Texte intégral
COUR D'APPEL
DE VERSAILLES
Code nac : 96E
N°
N° RG 21/06459 - N° Portalis DBV3-V-B7F-UZT4
(Décret n° 2000-1204 du 12 décembre 2000 relatif à l'indemnisation à raison d'une détention provisoire
Copies délivrées le :
à :
Monsieur [P] [X] [B]
Me Julien VERNET
AGENT JUDICIAIRE DE L'ETAT
Me Pierre VAN DER MADE
Me Ali SAIDJI
MIN. PUBLIC
RÉPUBLIQUE FRANÇAISE
AU NOM DU PEUPLE FRANÇAIS
LE SEPT JUIN DEUX MILLE VINGT TROIS
a été rendue, par mise à disposition au greffe, l'ordonnance dont la teneur suit après débats et audition des parties à l'audience publique du 22 mars 2023 où nous étions Jean-François BEYNEL, premier président de la cour d'appel de Versailles assisté par Rosanna VALETTE, Greffier, le prononcé de la décision a été renvoyée au 24 mai 2023 puis prorogé à ce jour ;
ENTRE :
Monsieur [P] [X] [B]
né le [Date naissance 1] 1999 à [Localité 7] ( ROYAUME UNI)
Chez M ET Mme [X] [B]
[Adresse 2]
[Localité 4]
non comparant, représenté par Me Julien VERNET, avocat au barreau de PARIS, vestiaire : J098
DEMANDEUR
ET :
L'AGENT JUDICIAIRE DE L'ETAT
[Adresse 3]
[Adresse 3]
[Localité 5]
représenté par Me Pierre VAN DER MADE, avocat au barreau de Paris, vestiaire : J076 substituant Me Ali SAIDJI de la SCP SAIDJI & MOREAU, avocat au barreau de PARIS, vestiaire : J076
Le ministère public pris en la personne de Mme GULPHE-BERBAIN, avocat général
Nous, Jean-François BEYNEL, premier président de la cour d'appel de Versailles, assisté de Rosanna VALETTE, Greffier,
Vu l'ordonnance de non-lieu rendue par le juge d'instruction du tribunal judiciaire de Versailles le 20 avril 2021, à l'encontre de Monsieur [P] [X] [B], devenue définitive par certificat de non-appel du 5 mai 2021 ;
Vu la requête de Monsieur [P] [X] [B], né le [Date naissance 1] 1999, reçue au greffe de la cour d'appel de Versailles le 20 octobre 2021 ;
Vu les pièces jointes à cette requête, le dossier de la procédure ;
Vu les conclusions de l'agent judiciaire de l'Etat, reçues au greffe de la cour d'appel de Versailles le 25 octobre 2022 ;
Vu les conclusions du procureur général, reçues au greffe de la cour d'appel de Versailles le 15 février 2023 ;
Vu les lettres recommandées en date du 17 février 2023 notifiant aux parties la date de l'audience du 22 mars 2023 ;
Vu les articles 149 et suivants et R26 du code de procédure pénale ;
EXPOSÉ DE LA CAUSE
Monsieur [P] [X] [B] sollicite la réparation de sa détention provisoire du 28 mai 2019 au 10 octobre 2019, soit 45 jours en détention provisoire à la maison d'arrêt de [Localité 6], et 91 jours d'assignation à résidence sous surveillance électronique.

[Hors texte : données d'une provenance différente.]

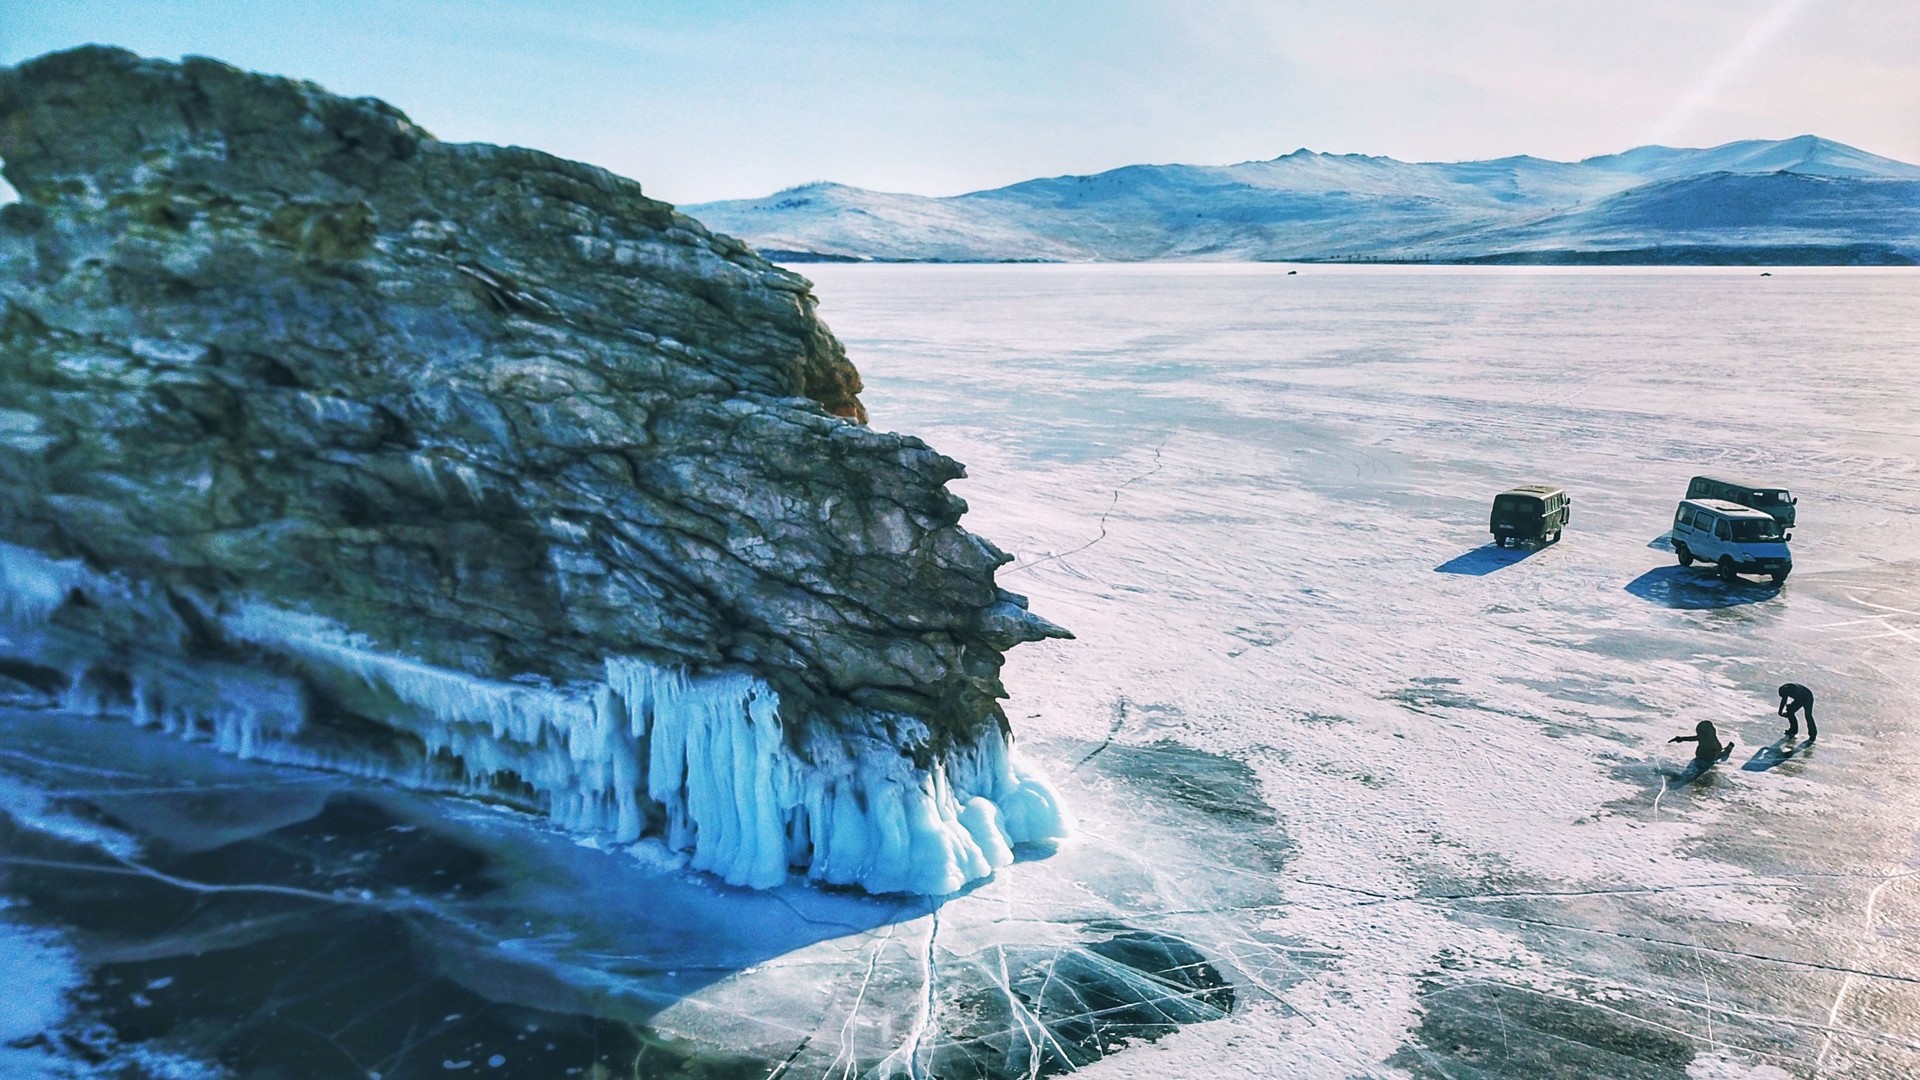 Редкие автомобили перевозят туристов от одной байкальской скалы к другой. Это вот вид на мыс Дракон на острове Огой - одно из самых живописных мест зимнего Байкала, которое захватывает дух с любого ракурса.

Il sollicite dans sa requête les sommes suivantes :
150 000 euros en réparation de son préjudice moral ;
18 424 euros en réparation de son préjudice matériel, au titre des frais engagés pour sa défense pénale relative au contentieux de la détention ;
2 500 euros au titre de l'article 700 du code de procédure civile.
Dans ses conclusions reçues le 25 octobre 2021, l'agent judiciaire de l'Etat sollicite que l'indemnisation au titre du préjudice moral soit ramenée à la somme de 10 000 euros. En effet, il précise que l'absence d'incarcération antérieure est de nature à majorer le choc carcéral. Cependant, il ajoute que le requérant n'apporte pas la preuve de la rupture des liens familiaux pendant sa détention. Il fait néanmoins valoir que l'impossibilité de réaliser son stage de fin d'années, menant à l'impossibilité de réaliser son année d'échange à Oxford, est un événement directement lié à la détention provisoire et qui doit être pris en compte dans l'indemnisation du préjudice moral. Il note également que le requérant n'apporte pas la preuve des conditions particulièrement difficiles de détention.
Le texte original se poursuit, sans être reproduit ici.